In the 1870s, Griswold began to manufacture skillets, pots, grinding mills and waffle irons. The company was renamed Selden & Griswold Manufacturing Company in 1873. In 1884 Matthew Griswold bought out the interests of the Selden family. The next year there was a fire, and the factory had to be rebuilt. In 1887 the company was reorganized and chartered as the Griswold Manufacturing Company.

Matthew Griswold was twice elected as a Republican to Congress, sitting from March 1891 to March 1893, and from March 1895 to 1897.
He died on 19 May 1919. His son, Matthew Griswold Junior, was president from 1905 to 1914.

The Griswold Plaza in Erie is named in honor of his efforts to develop downtown Erie with a post office and railway station. Matthew Junior's brother Marvin was president from 1914 until his death in 1926, during a period of rapid growth.

Griswold began making tobacco cutters in 1883. In 1884 Matthew Griswold patented and manufactured a wheeled spittoon. Over the years that followed the company added products such as kettles, Dutch ovens, roasters, a grid iron and other various pots and pans. Cast-iron stovetop waffle irons were one of the company's earliest and most successful products, manufactured into the 1930s.

The company gained a reputation for quality cast-iron products, particularly cookware, which were sold world-wide. The first aluminum cookware was a tea kettle made around 1893. In 1903 the company moved to new premises at 12th and Raspberry Streets. In the 1920s Griswold began producing enameled items, and in the 1930s had added electrical items to their product line. Griswold acquired many patents over the years.

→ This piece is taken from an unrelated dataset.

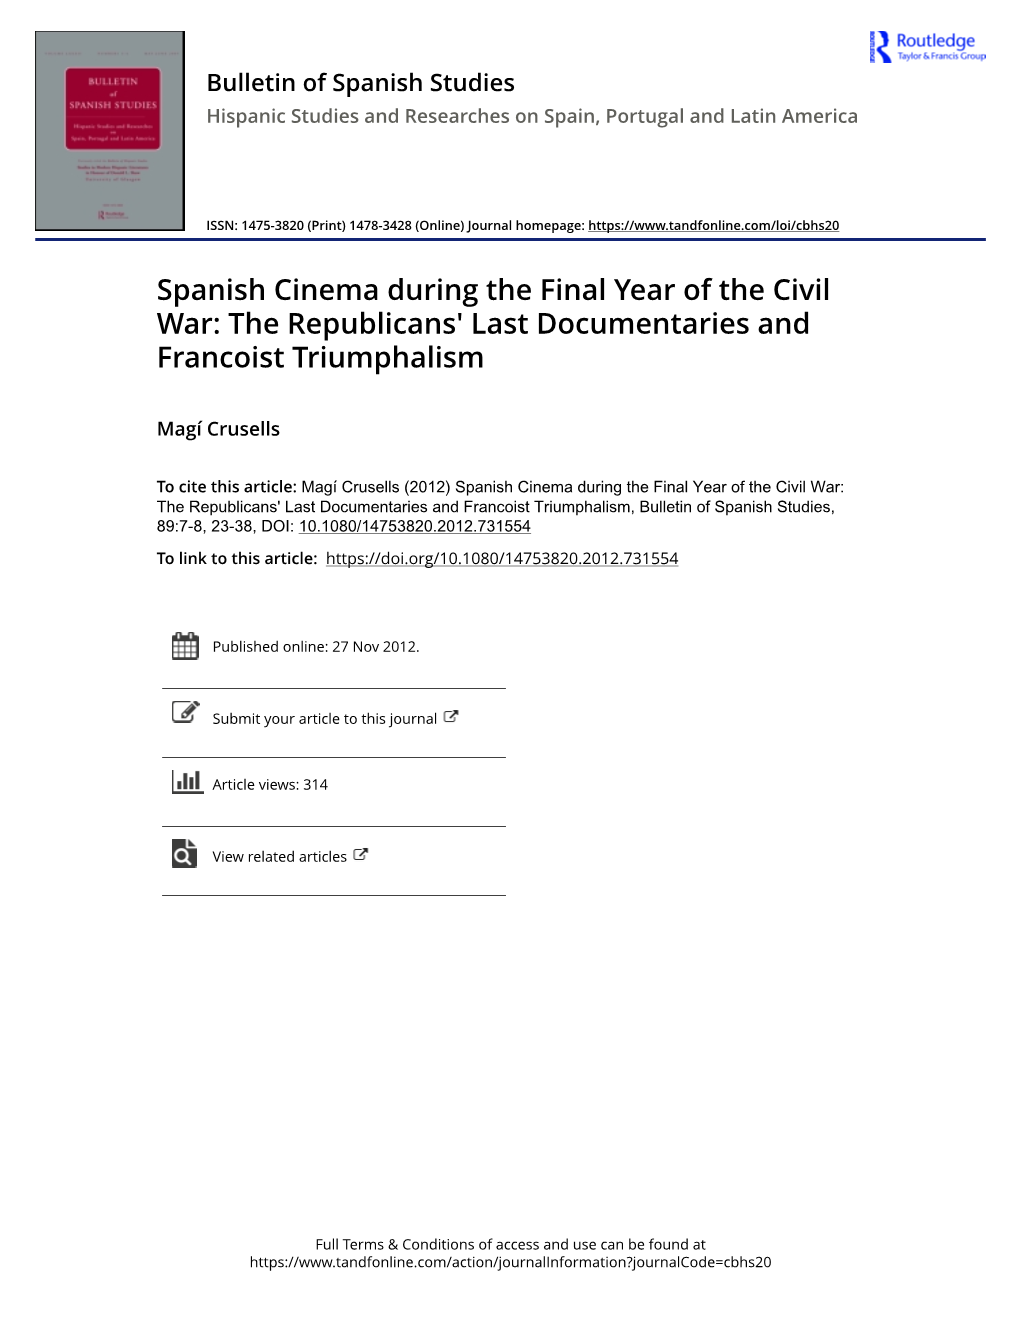 Spanish Cinema During the Final Year of the Civil War: the Republicans' Last Documentaries and Francoist Triumphalism

Miss Etta Moses worked for Griswold for over 50 years. She was given the job of handling letters asking for advice on using the company's products. In the 1920s she began publishing recipes and advice on cooking with cast iron using the pen name of "Aunt Ellen".

"Aunt Ellen" was the author of Griswold's "Booklet on Waterless Cooking", given free to purchasers of the Tite-Top Dutch Oven. Her picture appeared in advertisements for the cook pot in journals such as Good Housekeeping.

A 1928 advertisement in Good Housekeeping described the Griswold Electric Waffle Baker, and invited readers to write to Aunt Ellen for details on making the waffle cream pie. Every day she dealt with a large correspondence from housewives asking for advice. She died in 1948.

==Dissolution==
By the 1940s, the company was in financial difficulty, facing competition from manufacturers of more modern products while struggling with internal labor disputes and declining quality. Family members continued to own and run the company until 1946, when Ely Griswold sold it to a New York investment group and retired. In March 1957, McGraw-Edison of Chicago, Illinois, acquired Griswold Manufacturing. Later that year the Griswold brand and housewares division were sold to the Wagner Manufacturing Company of Sidney, Ohio. The plant in Erie, Pennsylvania, was closed in December 1957. When the factory closed, sixty people were laid off.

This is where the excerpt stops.